- Born: June 1, 1928 Los Angeles, California
- Died: December 3, 2018 (aged 90) Columbus, Ohio
- Education: University of California, Los Angeles (A.B., M.A., Ph.D.)
- Known for: Box-Muller transform
- Scientific career
- Thesis: Some Monte Carlo Methods for the Dirichlet Problem
- Doctoral advisor: George William Brown

= Mervin E. Muller =

American computer scientist

Mervin Edgar Muller (1 June 1928 – 3 December 2018) was an American computer scientist and mathematician.
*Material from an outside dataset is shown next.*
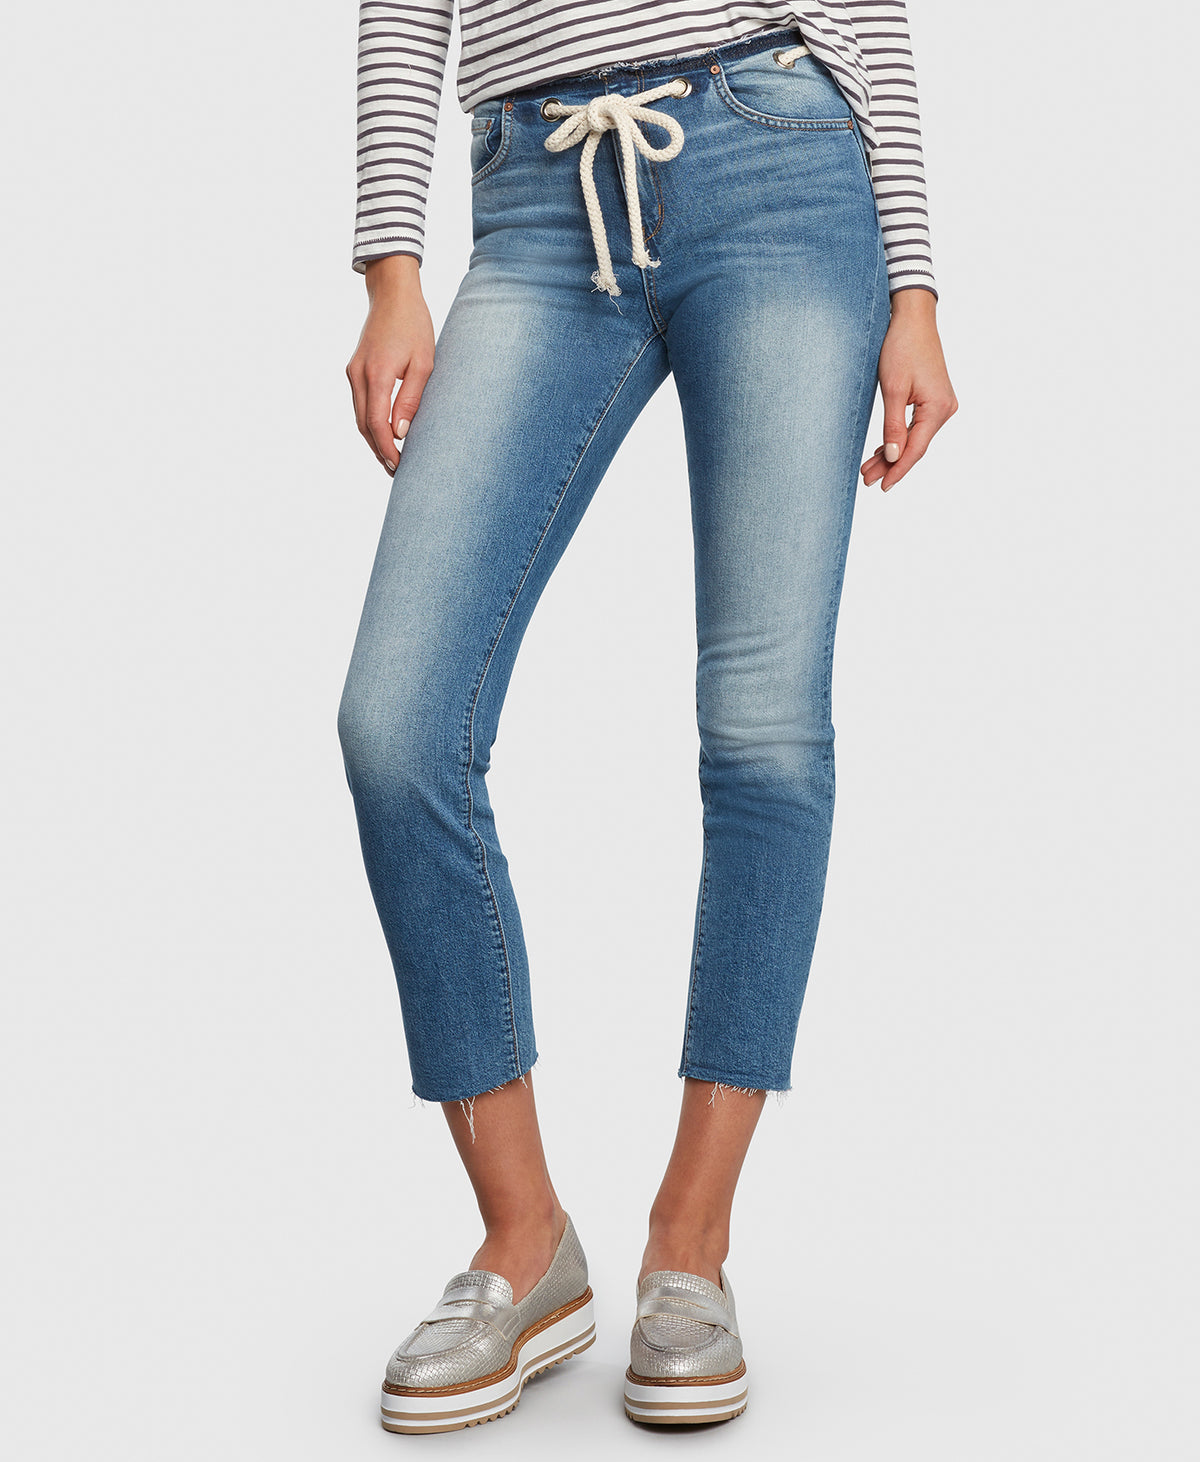 Principle CASTAWAY in Holiday cropped jeans detail

The Box–Muller transform is named after him.

==Biography==
Muller was born in Hollywood, Los Angeles, on 1 June 1928, as one of four sons to parents Emanuel and Bertha Muller. His parents were both immigrants from Hungary. He studied mathematics at the University of California, Los Angeles, earning a Ph.D. in 1954 under the supervision of George William Brown.
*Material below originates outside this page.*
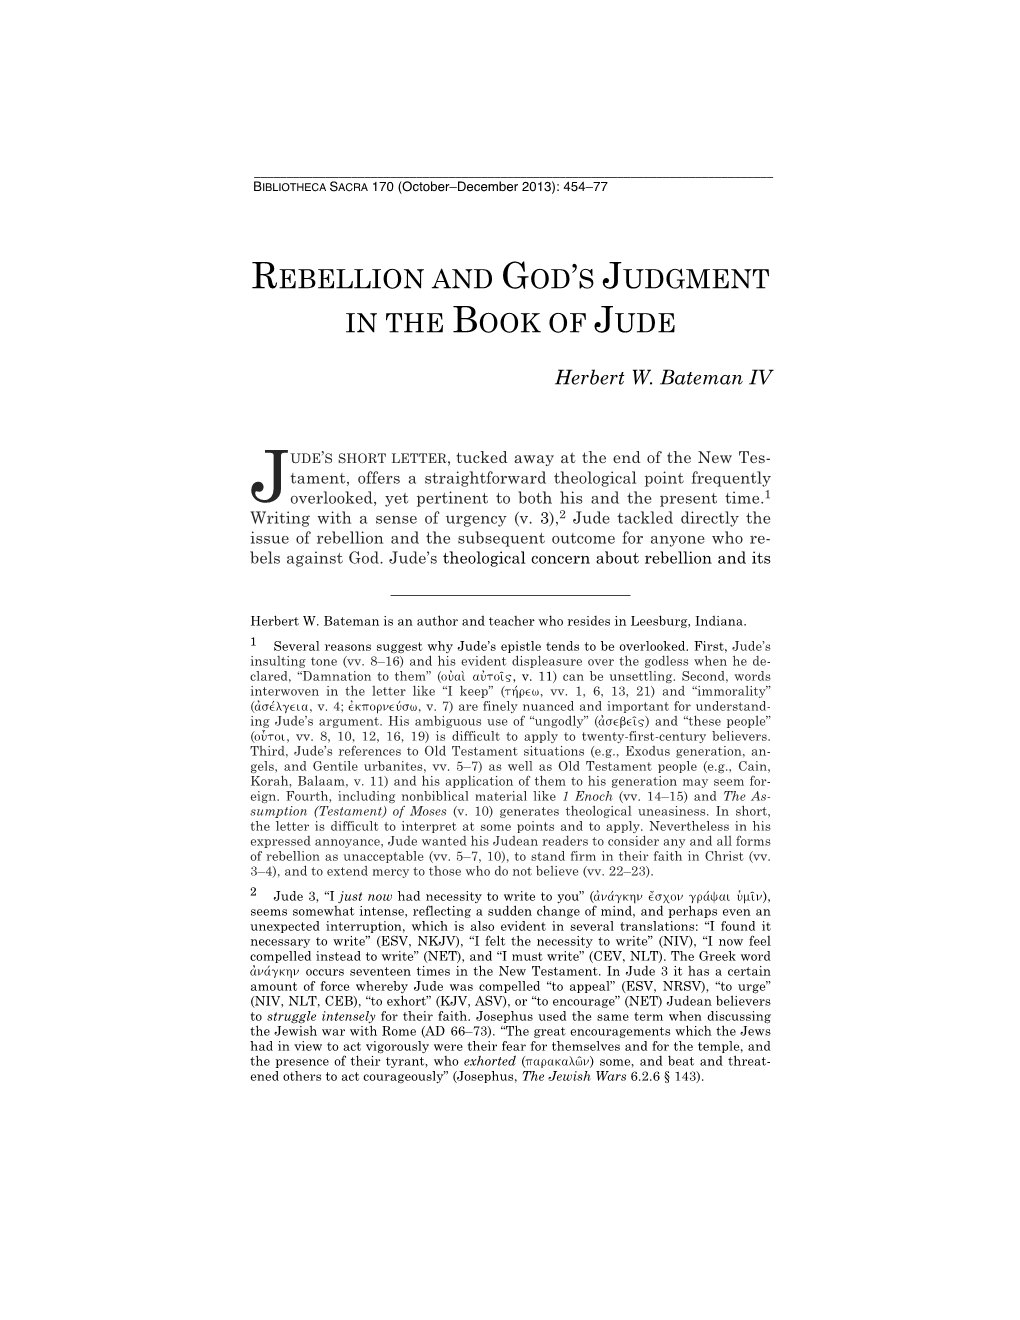 Rebellion and God's Judgment in the Book of Jude

Muller worked for IBM in New York, and later, fifteen years with the World Bank in Washington, D. C.

He taught at UCLA, Cornell University, Princeton University, George Mason University, and the University of Wisconsin–Madison before joining the faculty of Ohio State University, where he retired as Robert Critchfield Professor of Engineering.

He has three sons with his wife, Barbara McAdam Muller. He died in Columbus, Ohio, on 3 December 2018, aged 90.

==Honors and awards==
He was elected a fellow of the American Statistical Association in 1975. He was also the founding president of the International Association of Statistical Computing.